Stuff like basic linear algebra (What can you use a dot product for? What can you use a cross product for?) and simple data structure do's and don'ts (What's one advantage of using an array over using a linked list?). Throwing in a few simple domain specific questions for the position their applying for works well too (I wouldn't ask a network programmer to tell me something about shaders, but I would expect a graphics programmer to be able to talk about them for a few minutes)

Some of the questions are designed so that there are lots of right answers, and some of them impress me more than others. For instance, if you mention that an array is generally more cache-friendly than a linked list and you can explain why when I ask you, you get bonus points.

If they do well on most of the questions then follow up interviews (phone or in person) are in order. Occasionally someone will nail all the questions, I tend to get excited when this happens.

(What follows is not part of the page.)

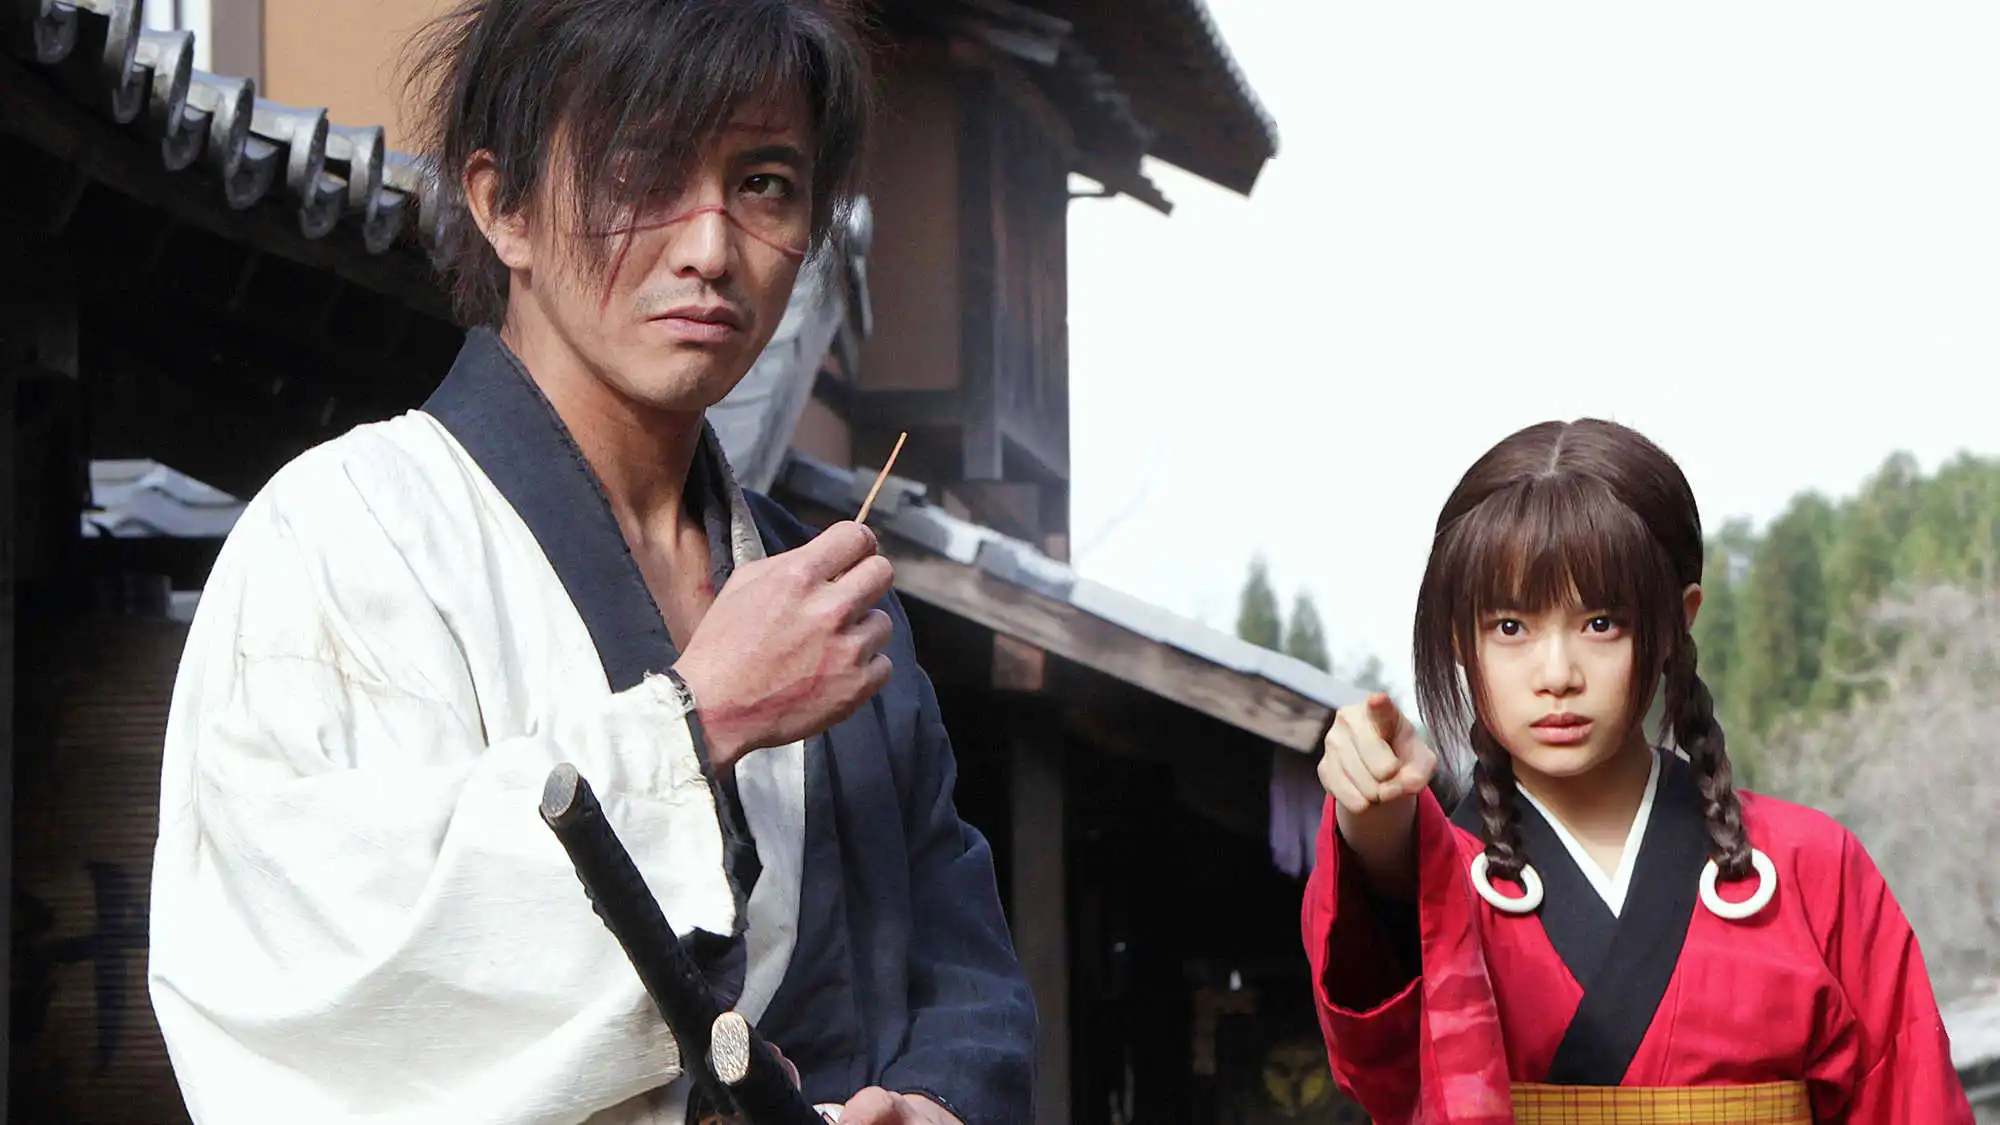 blade of the immortal anitube

Remember the goal is to find high quality candidates not shift though all of the incoming resumes. So if you have 2 open positions and 10,000 resumes just stop when you find enough high quality candidates.


I agree. Resumes are not as useful as a lot of employers want to believe. They represent what the candidate wants you to see of their history, and you get only one thing from that: Talking Points. Resumes put you both on the same page, bringing up topics the candidate is interested in talking about.

A poor salesman will have a hard time coming up with good or enough talking points. This alone is a reason resumes are mis-filtered.

I want to say that you should avoid filtering candidates based on their resumes, thanks to the holes, but that would be wrong: Sometimes, based on what they write down, you can make a reasonable judgment. For example, if you are looking for a software developer and the resume mentions NOTHING about that field, that is an easy filter.

Not quite so easy a filter: "I know C/C#/C++." but I always find that one amusing.